Ainsi rien moins que 4 dates ont dû être envisagées et 3 annulées avant que la réunion du 28 février 2005 puisse se tenir.
Une telle situation et un tel constat mettent à mal et compliquent anormalement toute mise en 'uvre de séminaires nationaux sur plusieurs jours, toutes tournées avec les directeurs régionaux épisodiques et régulières, outre les difficultés matérielles générées par de telles situations d’un point de vue organisationnel (multiplication considérable du temps passé pour tenter d’organiser des réunions en combinant les exigences divergentes de 24 personnes …).

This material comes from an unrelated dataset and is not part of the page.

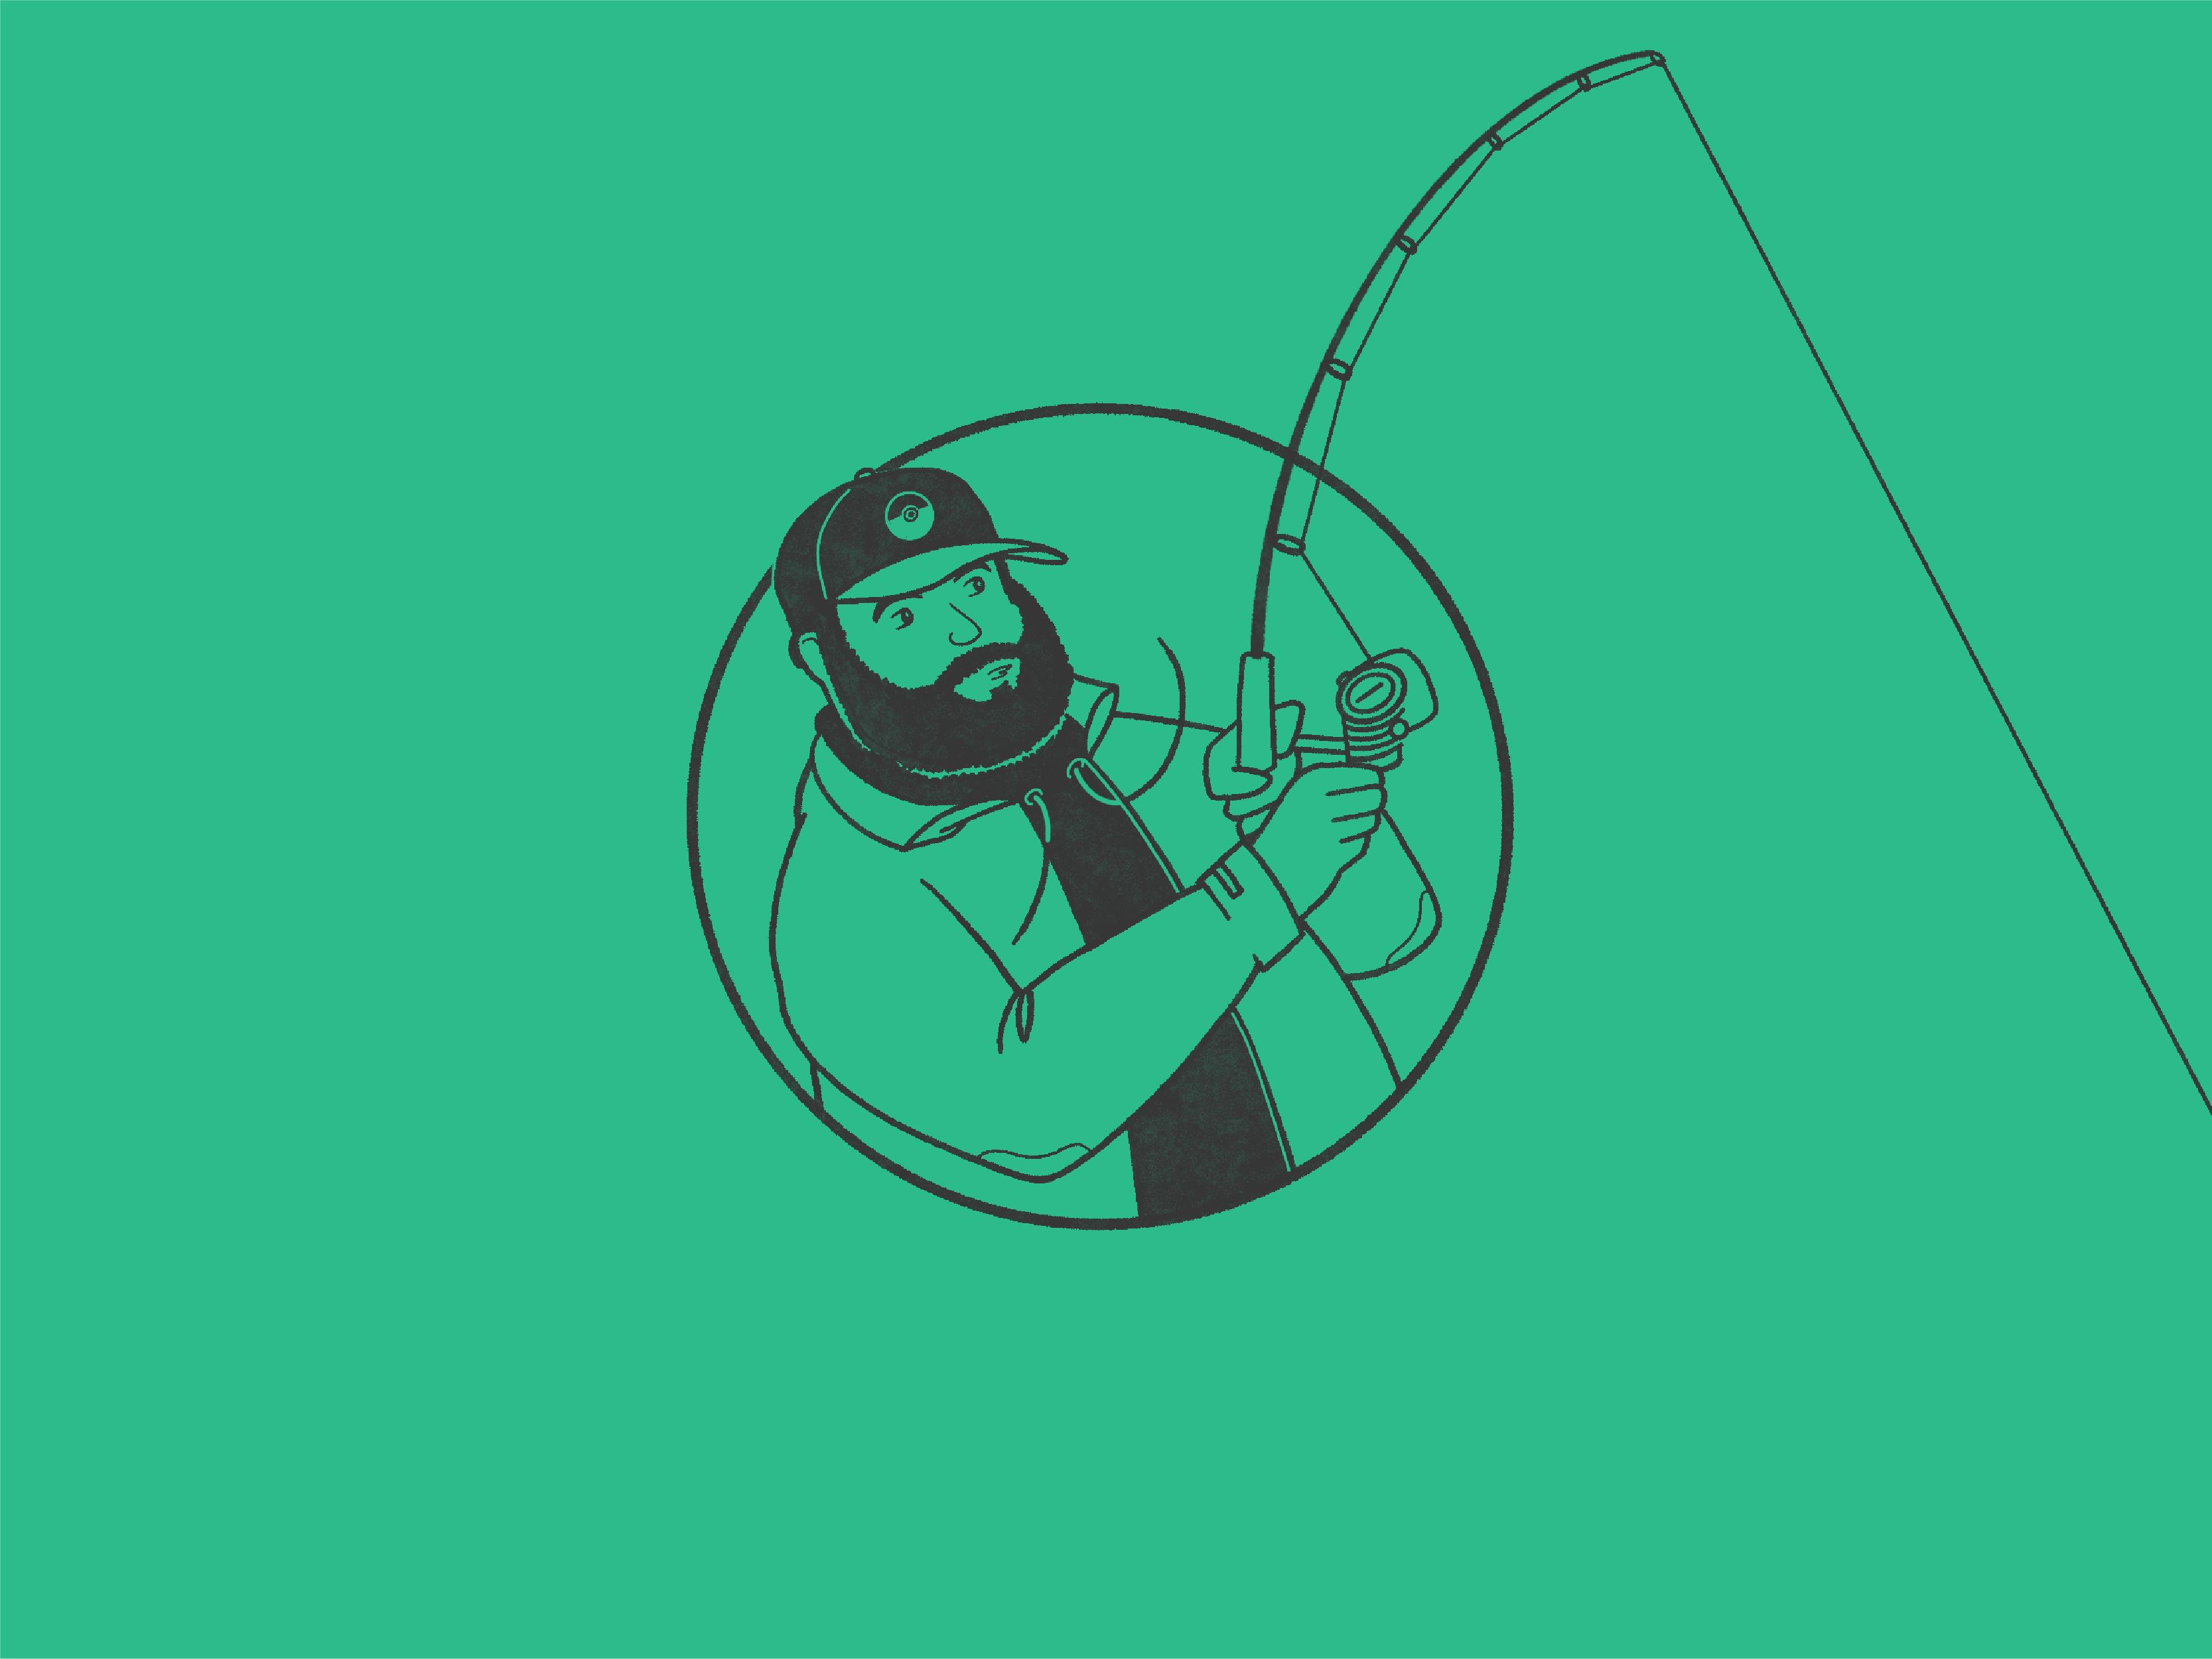 illustration of greg fishing for greg baan .com

Par ailleurs, les salariés VRP multicartes organisent librement leur emploi du temps, leurs prospections, leurs tournées et l’opportunité de celles-ci, la fréquence et l’intensité de celles- ci. Or, un tel mode d’organisation est en parfaite contradiction avec la structure de réseau de délégués pharmaceutiques de la Société IDIM et les contraintes dictées par sa clientèle.
En outre, vous bénéficiez d’un portefeuille produits « fermés ». En effet, si la Société juge utile de proposer et de confier aux salariés VRP multicartes de réaliser la promotion de nouveaux produits, cette promotion ne peut s’envisager que sous réserve de l’accord exprès de chaque intéressé qui sera conduit à en discuter les conditions de promotion s’agissant du secteur, de la catégorie de clients, des conditions de vente, du mode de rémunération.
Or, les salariés VRP multicartes ne souhaitent pas nécessairement élargir leur gamme de promotion et ceci pour des raisons qui leurs sont propres (peu d’intérêt personnel pour les nouveaux produits, produits proposés susceptibles de concurrencer les produits qu’ils ont déjà en catalogue, demandes d’engagement de distribution au-delà de la durée des contrats de distribution dont IDIM bénéficie, etc …).
Autrement dit, les salariés VRP multicartes gèrent la « prise » et la « non prise » de produits nouveaux proposés en fonction de leur propre vision de leur seul intérêt personnel.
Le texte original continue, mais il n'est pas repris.